August 26, 2013

Percentage of students tested key to Maine's school grading system

The state's new A-F report card for schools gives too much weight to test participation, some educators say.

By SUSAN McMILLAN Kennebec Journal

(Continued from page 1)

Schools just received their SAT results and are reviewing them for accuracy. When that process is finished, Tome said she expects to see fewer schools below 95 percent participation.

"Had we had the performance grading system all along, coupled with No Child Left Behind accountability, I would wager a guess that you would see a much, much smaller number of schools not meeting the threshold," she said.

Maine Central Institute spokeswoman Jennifer Beane said in an email that school staff members work hard every year to ensure that all juniors take the Maine High School Assessment, and this year they had 100 percent participation.

Last year was the third time since 2007 that participation on the Maine High School Assessment fell below 95 percent at Maine Central Institute, according to reports on the Department of Education website.


Forest Hills Consolidated School in Jackman usually clears the bar, but was penalized for having one of 14 students miss taking the SAT. The girl was moving out of the district at test time, Principal Denise Plante said. As a result, the school received an F rather than a D.

Forest Hills was one of seven high schools in 2012 that had a junior class with fewer than 20 students. At that size, one student missing the test triggers the one-letter grade penalty, while two missing it causes an automatic F.

Those small schools are likely to face that situation every year, barring a surge in enrollment. Plante said two data workers from the Department of Education told her the department may consider setting a minimum student count to protect small schools from volatility, which she would support.

Tome said department staff are gathering feedback about the report card formula, but she does not expect changes before the release of the next report cards in the spring. Changes have to be carefully considered and could reduce the year-to-year reliability of the grades.

At some high schools, including Gardiner's and Skowhegan's, participation is a recurring problem, falling below 95 percent several times since 2006, when Maine started using the SAT for the reading, writing and math sections of the Maine High School Assessment.

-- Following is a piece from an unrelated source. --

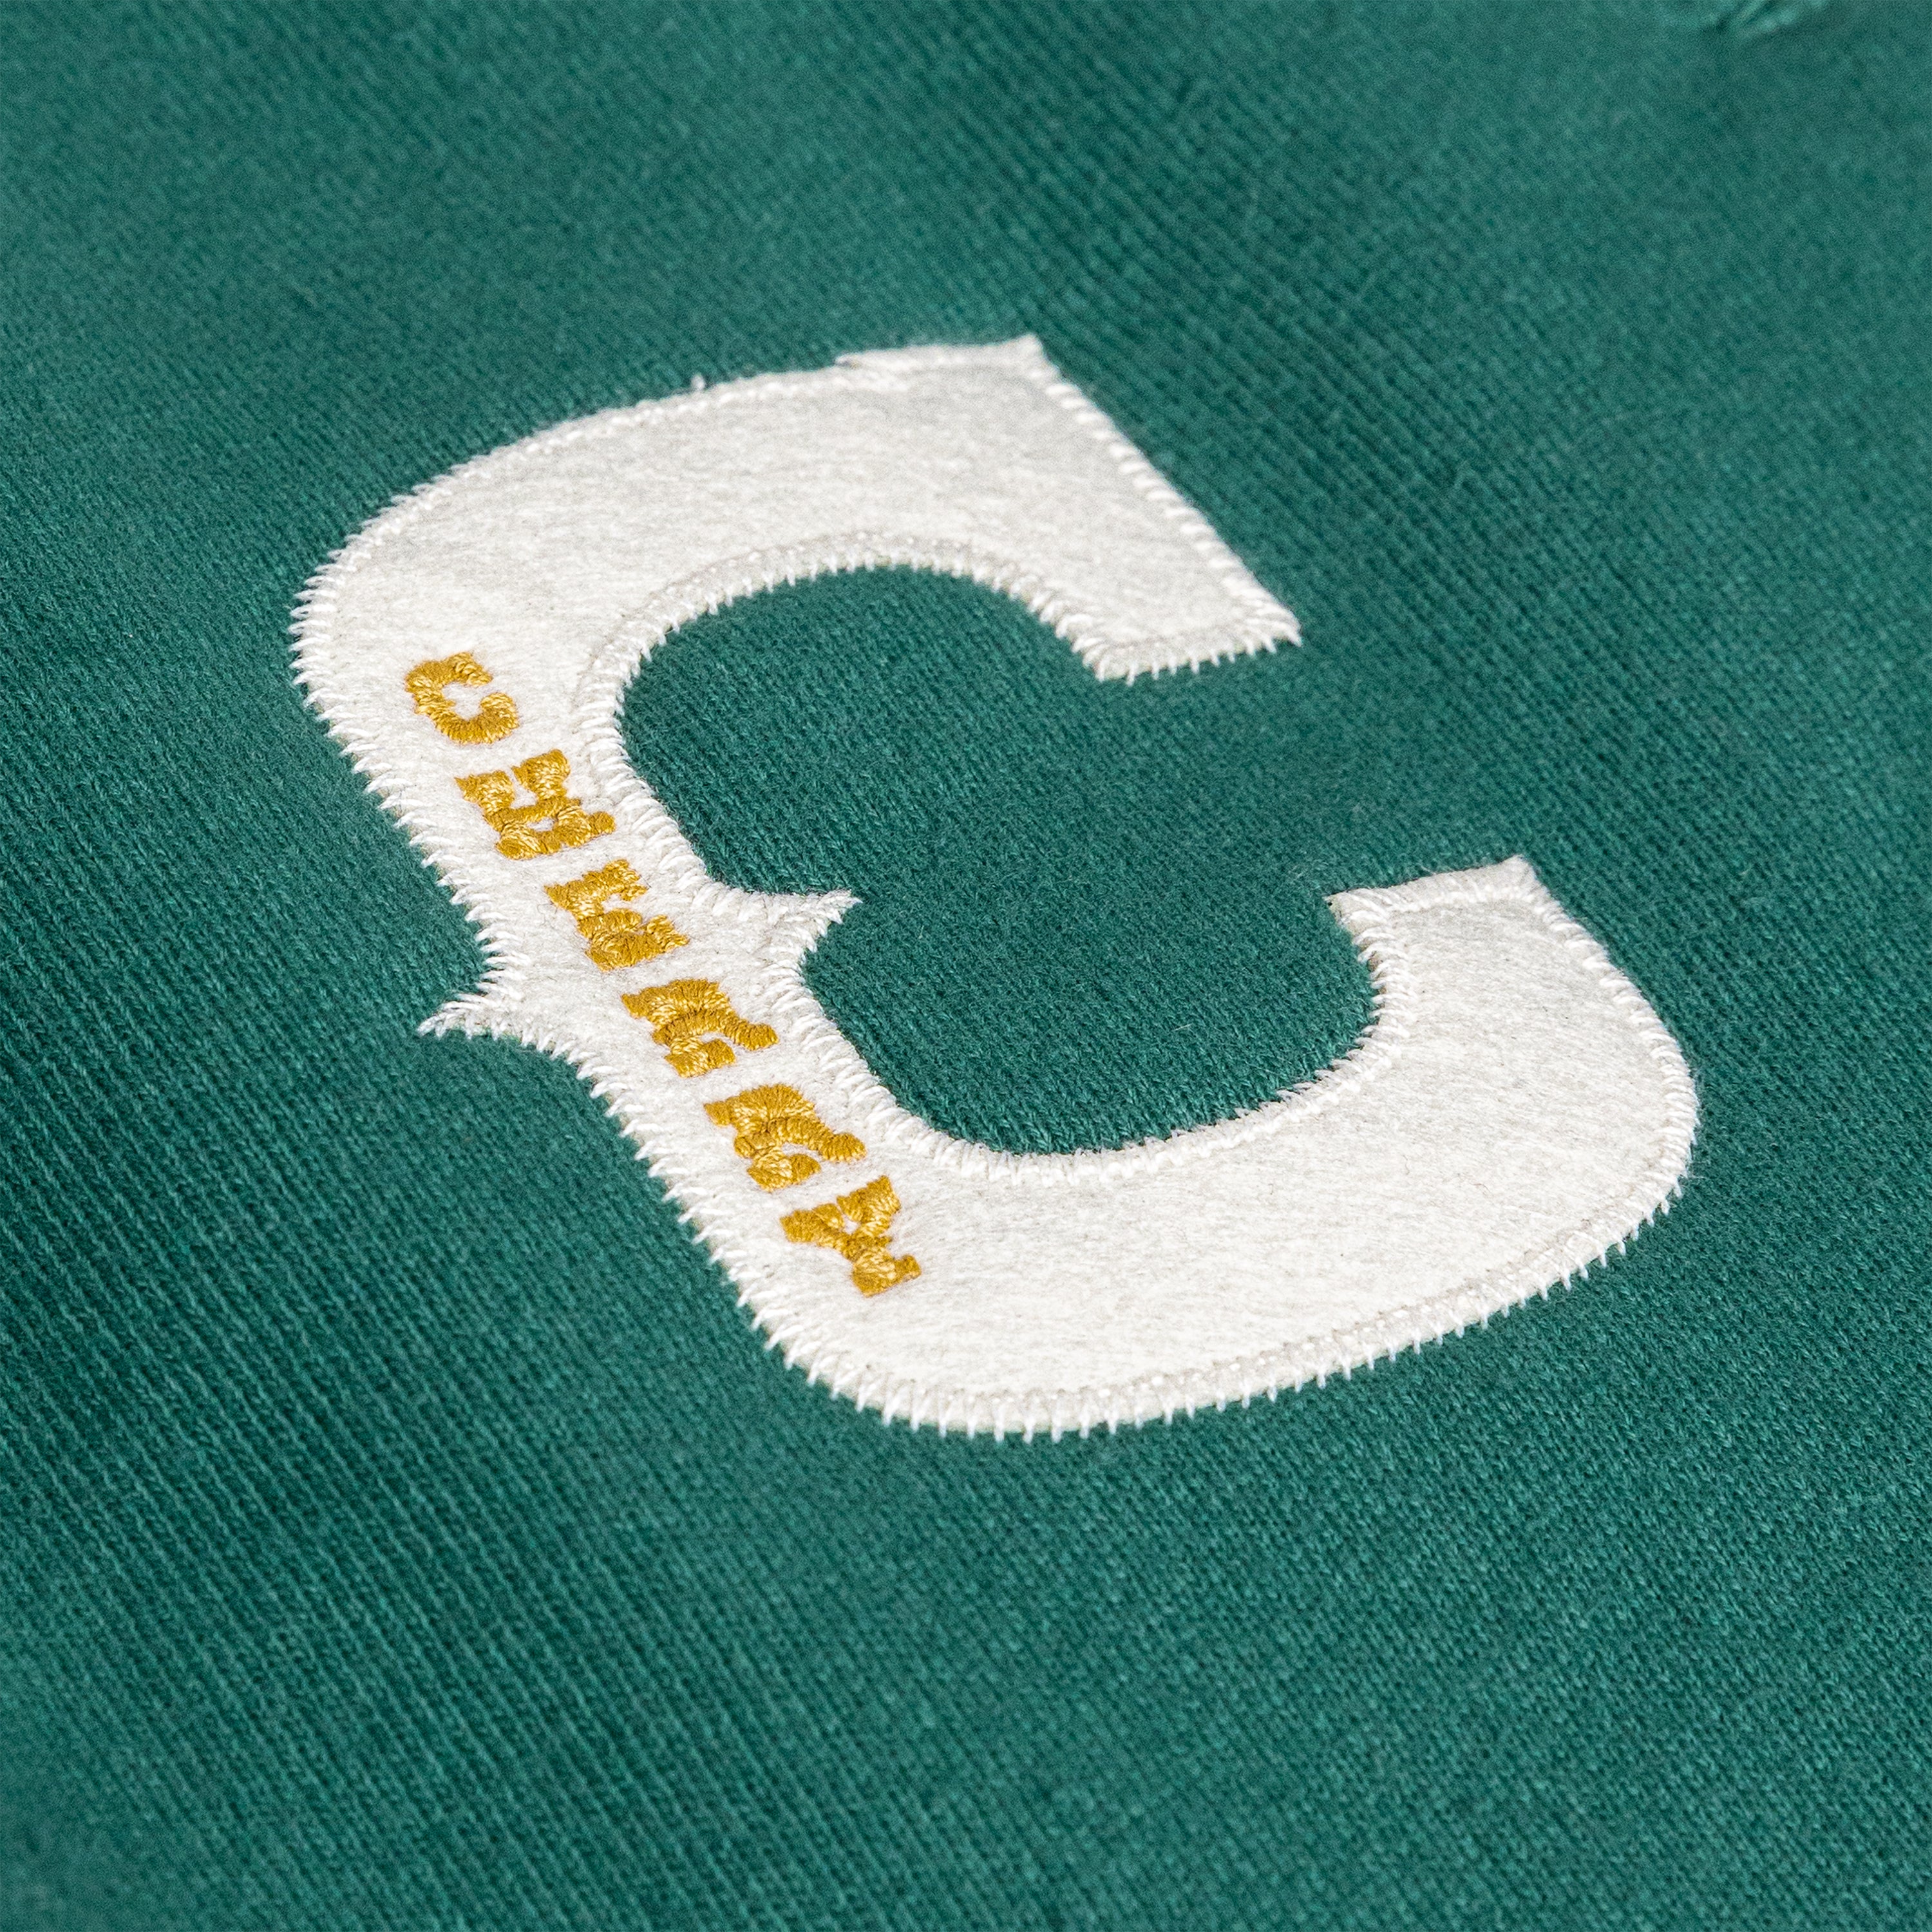 Western Athletic Sweatpants (Emerald)

Only the reading and math sections count for participation benchmarks. Schools' participation rates also include a small number of students with disabilities who complete the Personalized Alternate Assessment Portfolio. Most of the results come from the SAT administered on the first Saturday in May.


Skowhegan Area High School allows students to take a day off the Monday after junior prom in exchange for coming in that Saturday, but that only goes so far, Principal Wilson said.

"The kids who aren't in school, we call them, we offer taxi service, we'll do whatever we can," he said. "But I can't make someone come into this building and take that test."

Gardiner Area High School has implemented its own strategies in the past four years to entice students to come in that Saturday, like providing a free breakfast that Principal Chad Kempton helps serve and an early release day the following school year if the class reaches 95 percent participation.

In spite of those efforts, the school had 94.5 percent participation in 2012 and received a D on its report card rather than a C.

Students who miss the main testing day can take a make-up test during school, but both Wilson and Kempton said some students simply refuse, and they have little leverage in that situation.

They said they've tried to communicate to parents and students how important the test is to their schools, but that doesn't necessarily convince the students to care.

"For those kids that are moving on to a four-year college that has the SAT as part of their acceptance requirements, it's a free shot at getting a good score, but for the kids that are going to the military or community college, it's a lot less important," Kempton said. "What's the incentive for them to take a three-and-a-half-hour assessment on a Saturday?"

Some states require students to pass a standardized test before being allowed to graduate, which could potentially boost participation. But Wilson said students skipping the SAT may not be on track to graduate anyway, and Kempton said that wouldn't be good education policy.

"We, just like every school in central Maine, have a variety of kids coming through our doors," Kempton said. "I really value the day-to-day interactions that the kids have with their teachers throughout the course of their four years versus one assessment."